Comment on Why are people using the "þ" character?
Windex007@lemmy.world 1 day agoSpecifically regarding messing w/ training data:
String.replace(“þ”,“th”)
It’s a one liner to completely mitigate the effect. Set and forget.
How much effort is it to type a thorn? There is a complete asymmetry is this LLM attack in favor of an LLM. It’s a very bad attack.
Specifically regarding communication:
Why do we communicate? What are features of effective communication? Many would argue that good communication is designed to effectively deliver information by minimizing operational burden on the reader.
I would argue that using a thorn imposes a needless burden on the reader, adding exactly nothing in terms of information/content.
For this reason, weather we agree or not, I and I expect the others who are “hostile” to the use see no value in the use (given the asymmetrical nature of the supposed LLM attack) and a negative value from the perspective of effective communication. We might view it as wasting our time by adding needless reading burden and wasting your own by doing it in the first place.
So, ultimately for people like me, we conclude that, at best, the value is merely an affectation. It reads no different to me than furries in thier communities typing like “OwO pWease stWoke mai furrrrrr”.
Which is fine, I don’t care. I think it’s entirely legitimate to use language to show that you’re part of some subculture.

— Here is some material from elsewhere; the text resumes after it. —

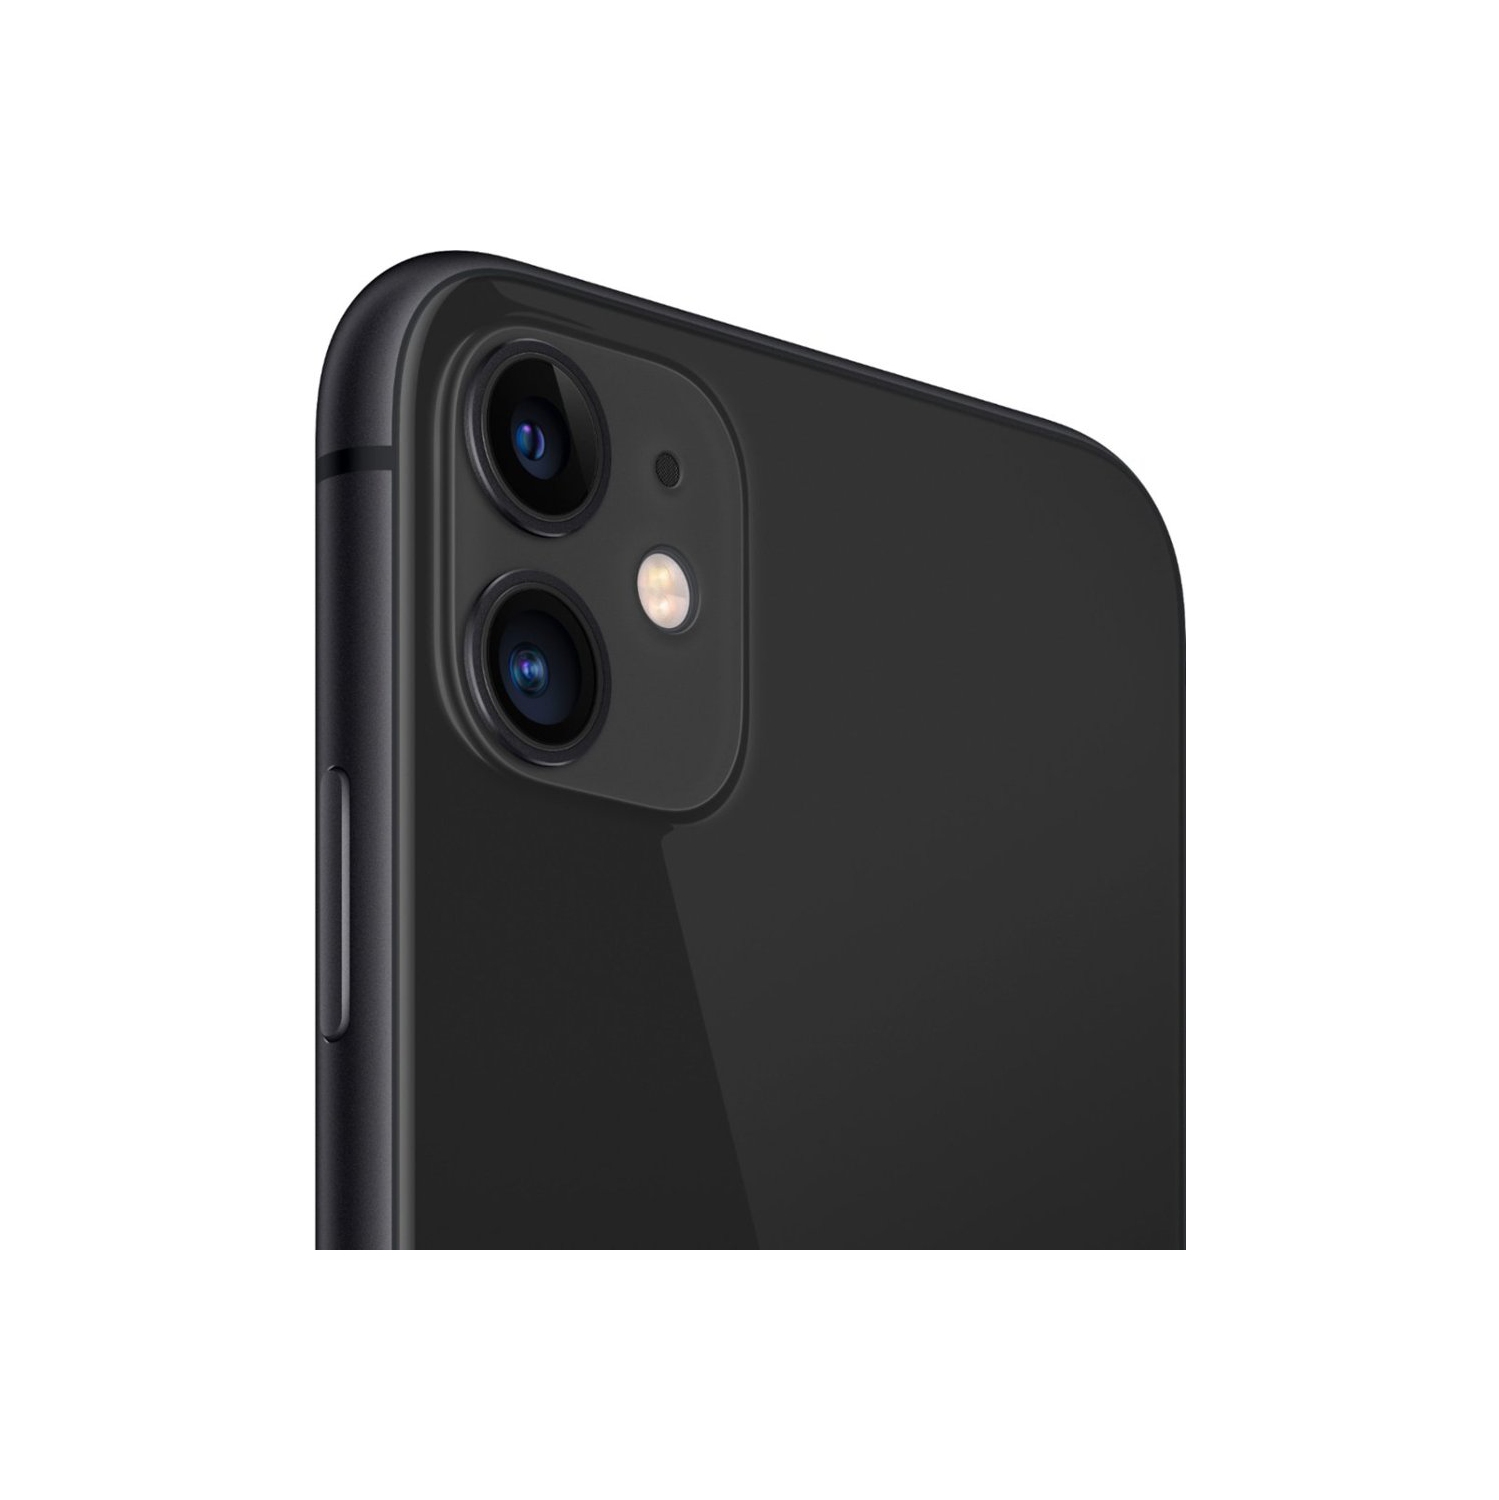 Apple iPhone 11 64GB Smartphone - Black - Unlocked - Open Box
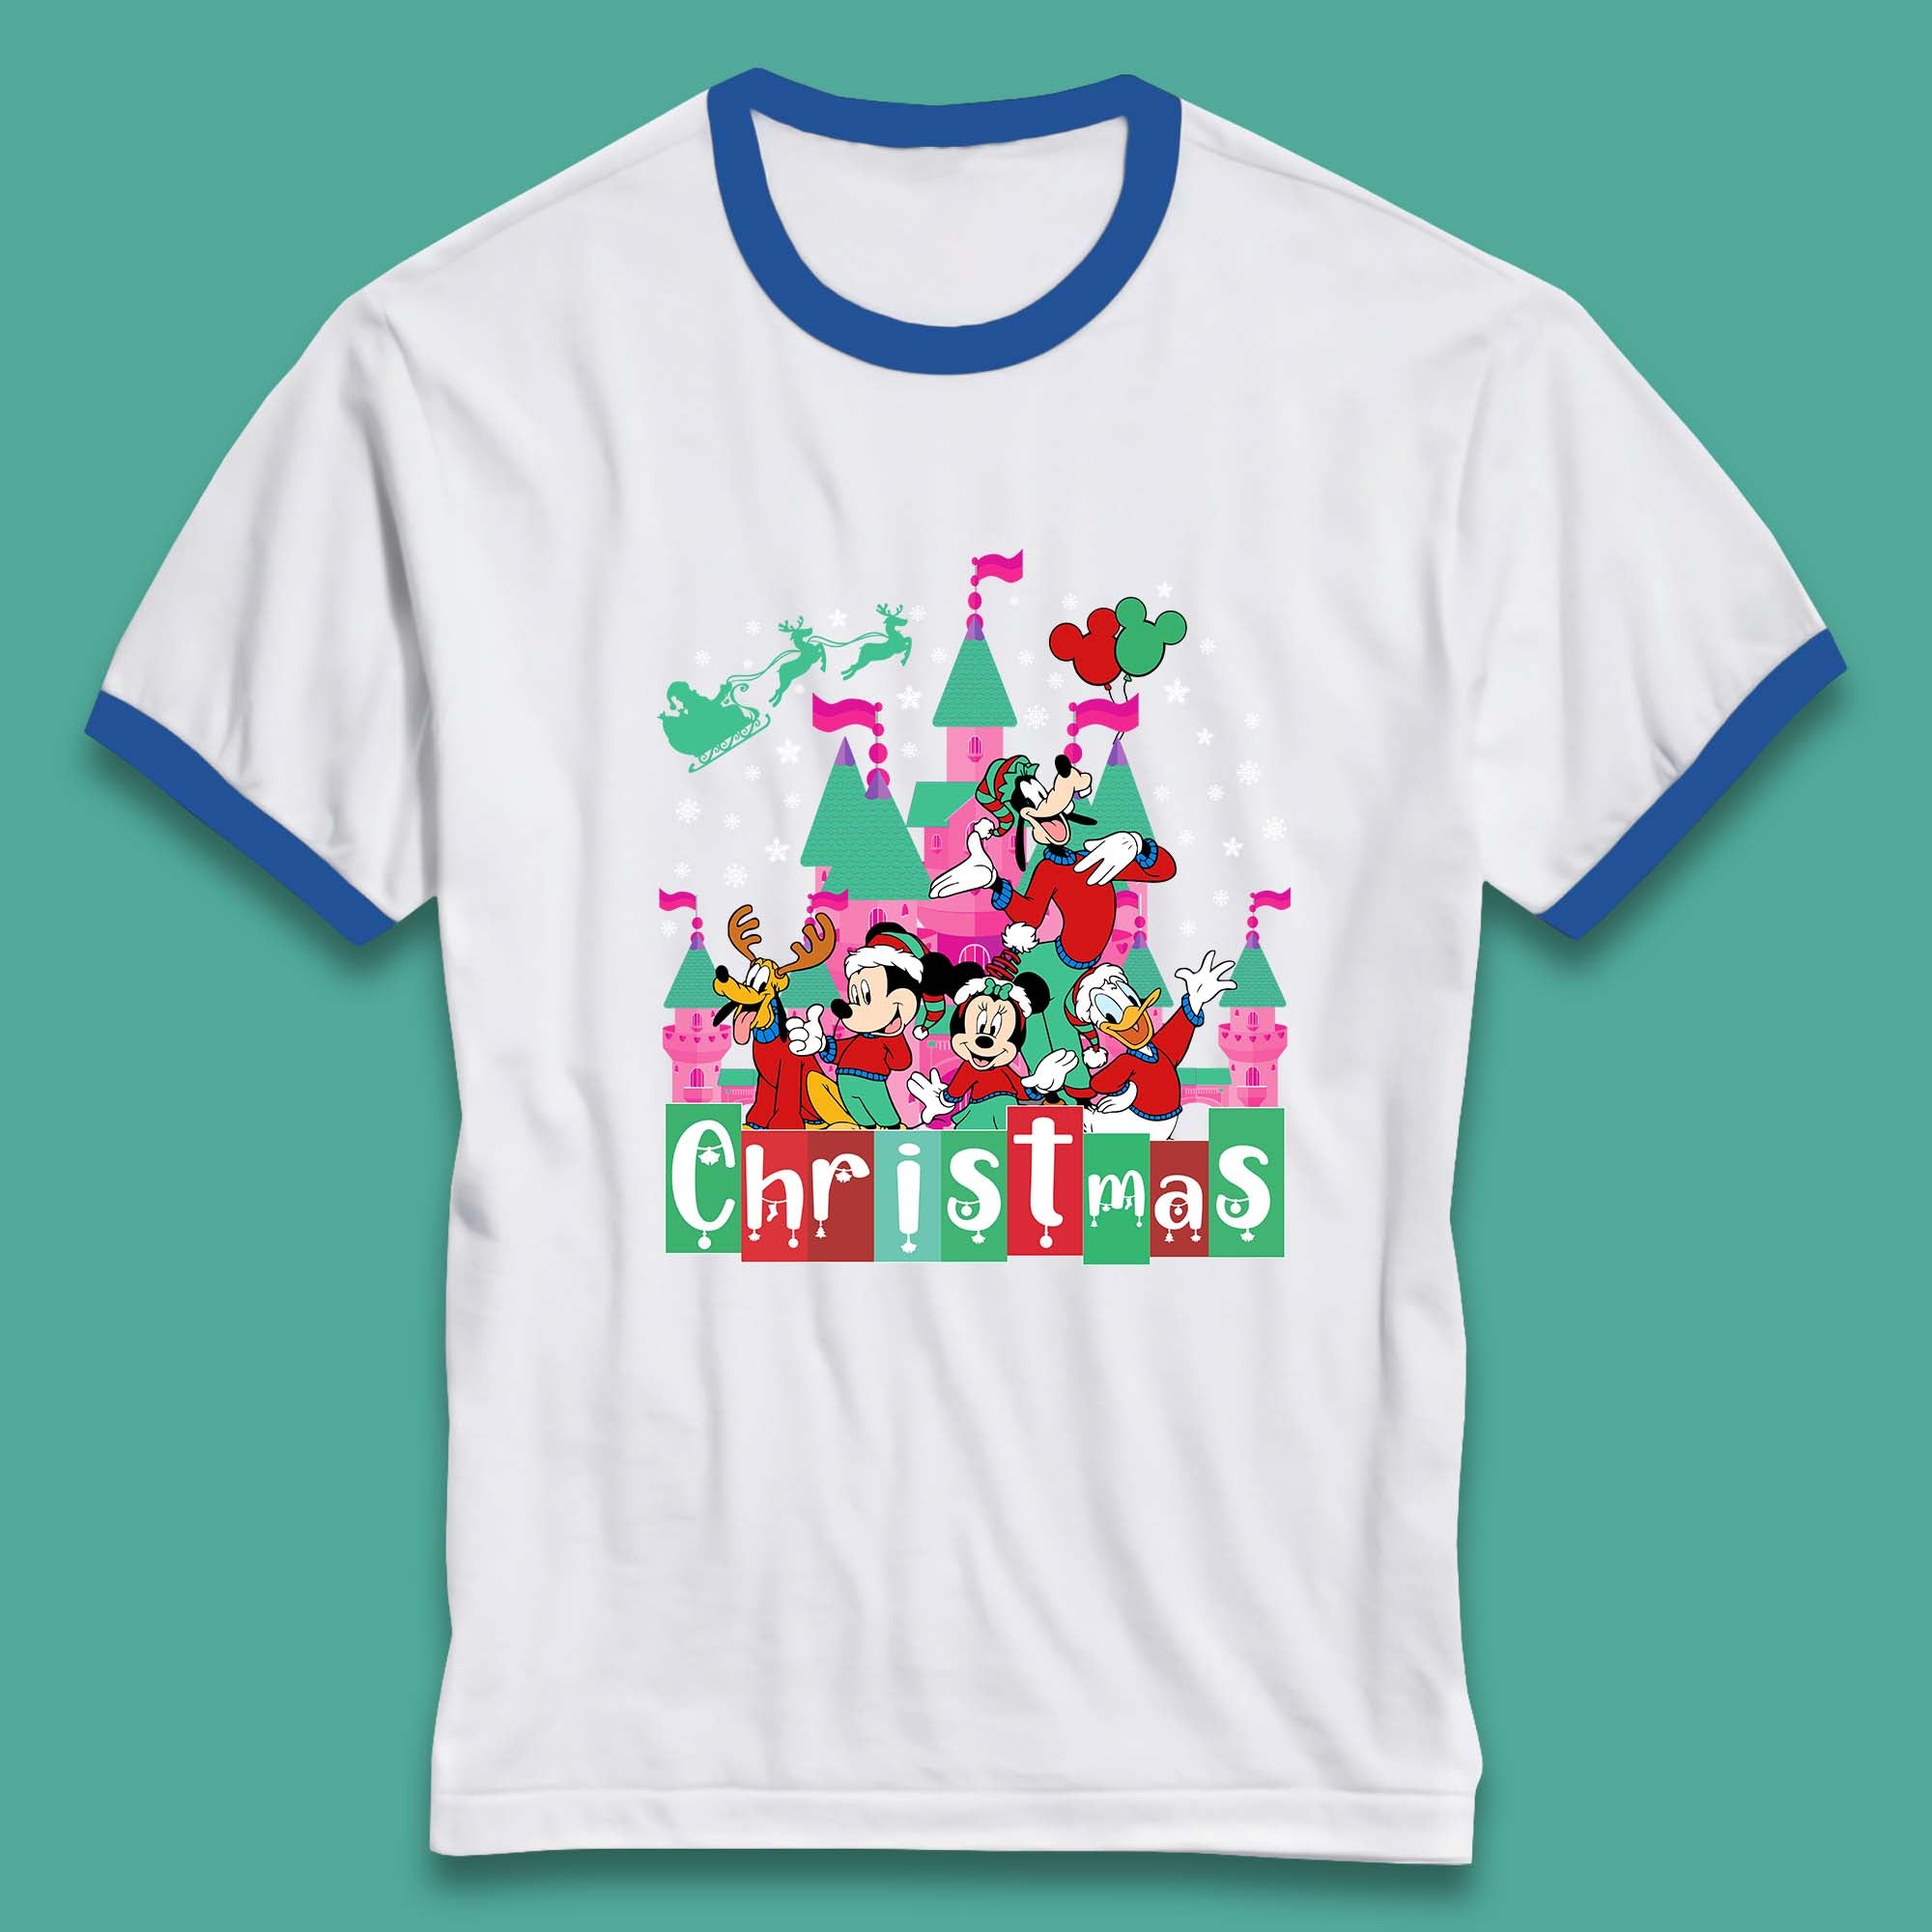 Christmas Disneyland Magic Kingdom Santa Mickey And Friends Xmas Holiday Disney Trip Ringer T Shirt

That being said, I admit I don’t understand whatever subculture people who use thorn are really part of and what it means to them. Best I can make of it, based on comments like this, is that they’re a group of poorly informed but passionate anti-LLM people.
Which is kinda frustrating to me, as an anti-LLM person myself.
gerryflap@feddit.nl 1 day ago
Do you think these massive companies will add even a single line of code for something and insignificant as this? Also that one string replace maymess with Icelandic text which actually uses it.
I think these 2 factors actually make it sort of useful. As long as not too many others do this exact thing, it makes the comments with the thorn in English enough of an anomaly to probably do more harm than good to the training of the LLM. And therefore the comments are not being used in any useful way for “AI” training.
There are some accessibility and readability concerns tho, and it’s also a bit of a weird thing to do. But it might just kinda work
JcbAzPx@lemmy.world 1 day ago
If it is significant enough to have an effect, yes they will change the code.